- Date: February 22, 2026
- Presenters: Daniel Dueñas; Grisel Quiroga; Jasmine Omay;
- Venue: Salón Sirionó Fexpocruz, Santa Cruz, Bolivia
- Broadcaster: Red Uno (Live)
- Entrants: 28
- Placements: 13
- Debuts: France; India;
- Withdrawals: Honduras;
- Winner: Kimberly de Boer Curaçao
- Congeniality: Ariday Villar (Cuba)
- Best National Costume: Ami Ocampo (Ecuador)

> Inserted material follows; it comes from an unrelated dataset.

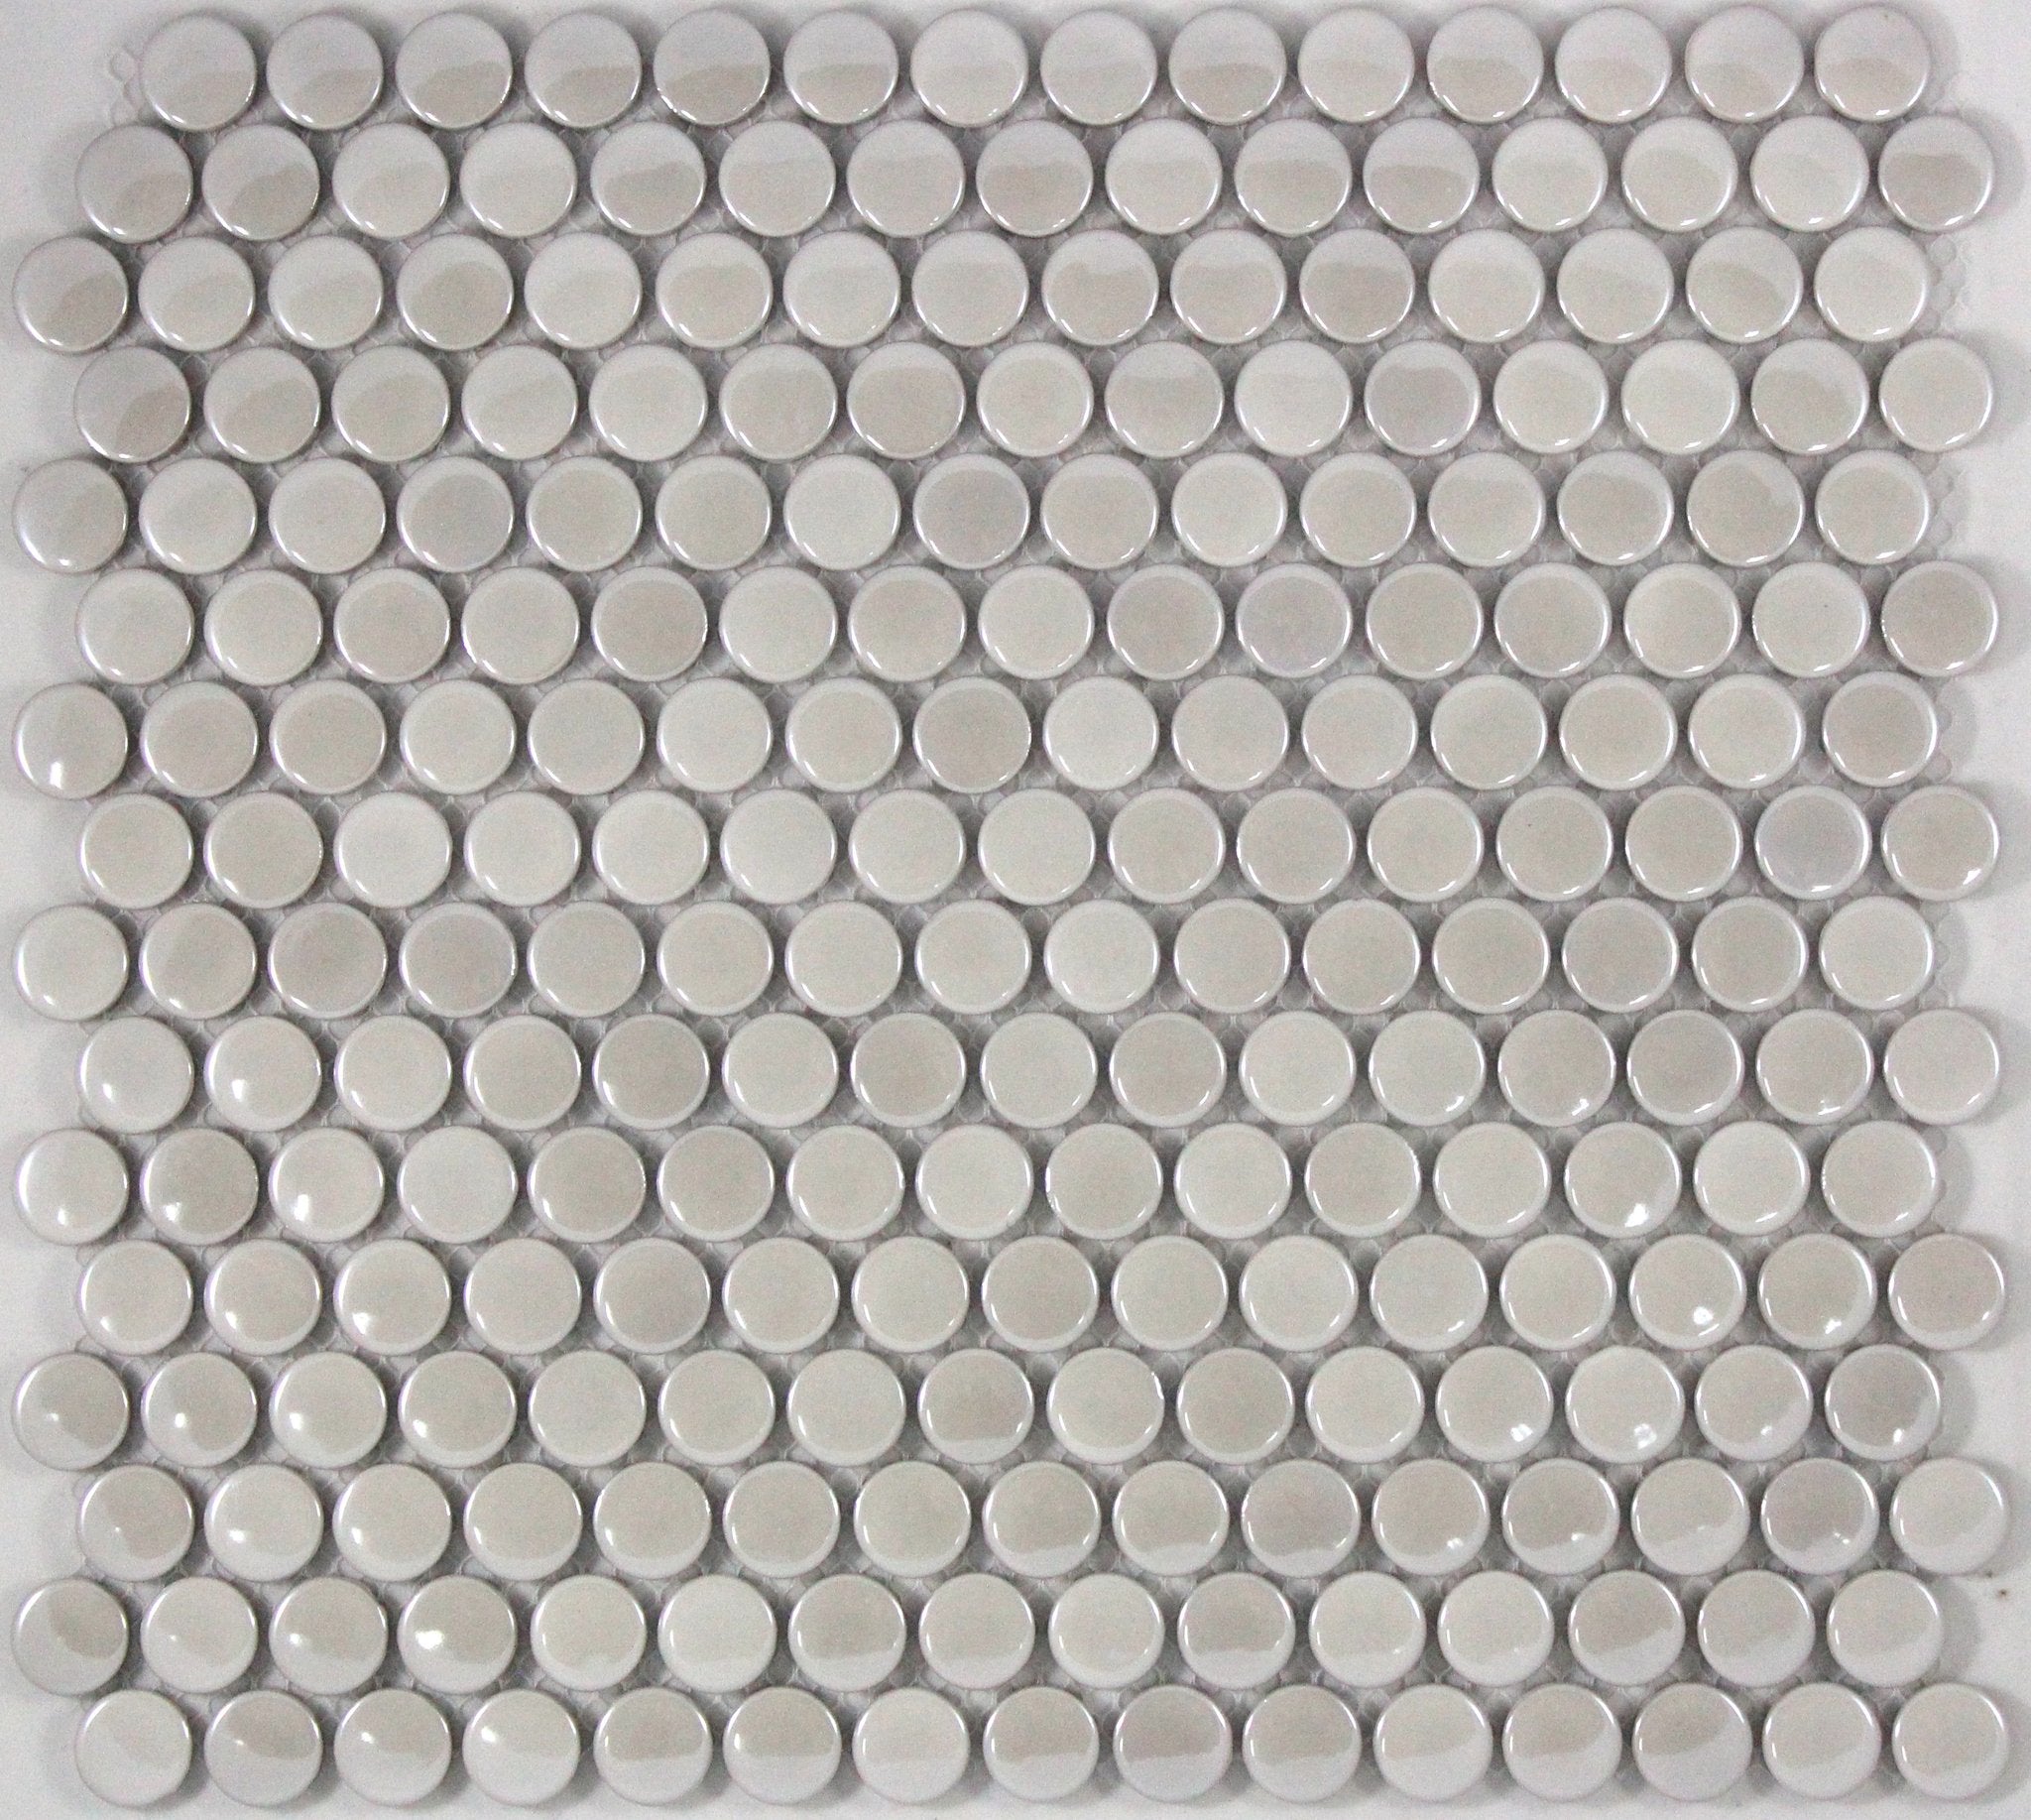 Metallic Mother Of Pearl Penny Round Mosaic Tile 19mm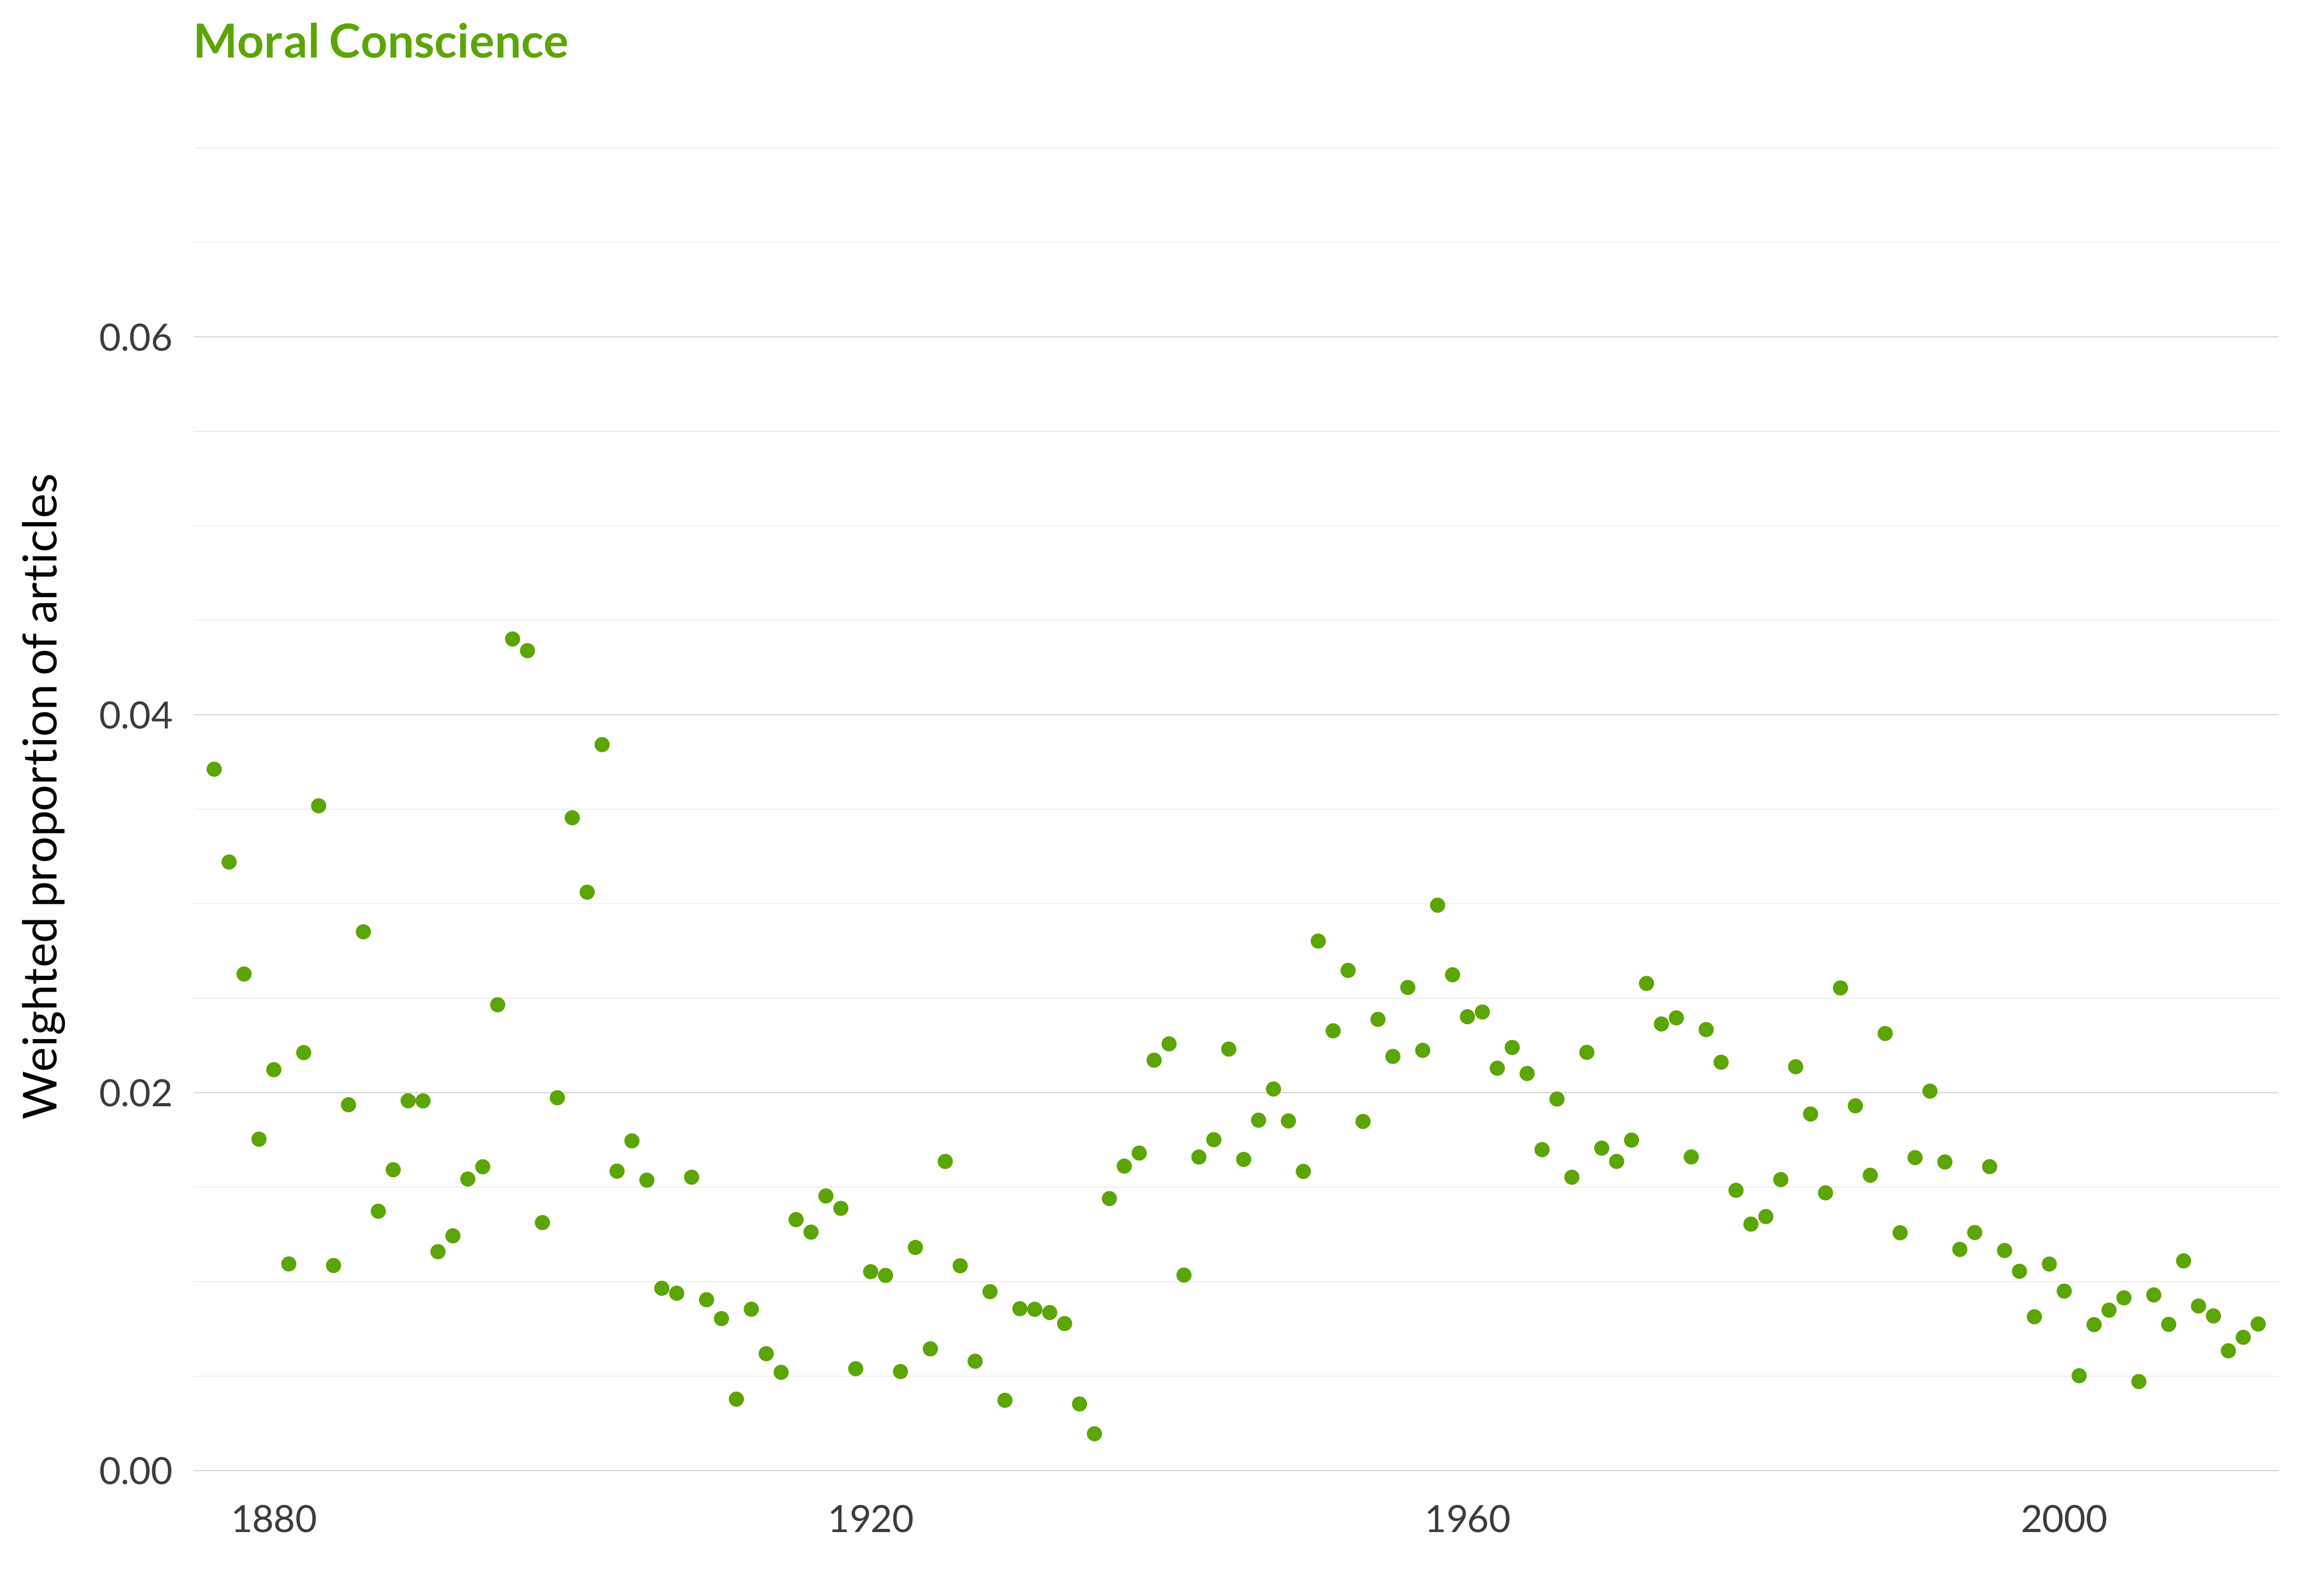 A scatterplot showing which proportion of articles each year are in the moral consciencetopic. The x-axis shows the year, the y-axis measures the proportion of articles each year in this topic. There is one dot per year. The highest value is in 1896 when 4.4% of articles were in this topic. The lowest value is in 1935 when 0.2% of articles were in this topic. The full table that provides the data for this graph is available in Table A.25 in Appendix A.

= Reina Hispanoamericana 2026 =

Reina Hispanoamericana 2026 was the 34th Reina Hispanoamericana pageant, held at the Salón Sirionó, Fexpocruz in Santa Cruz de la Sierra, Bolivia, on February 21, 2026. The competition featured twenty-eight contestants from three different continents — the Americas, Europe and Asia — and was broadcast by Red Uno of Bolivia, with promotion by Gloria de Limpias under the trademark Promociones Gloria.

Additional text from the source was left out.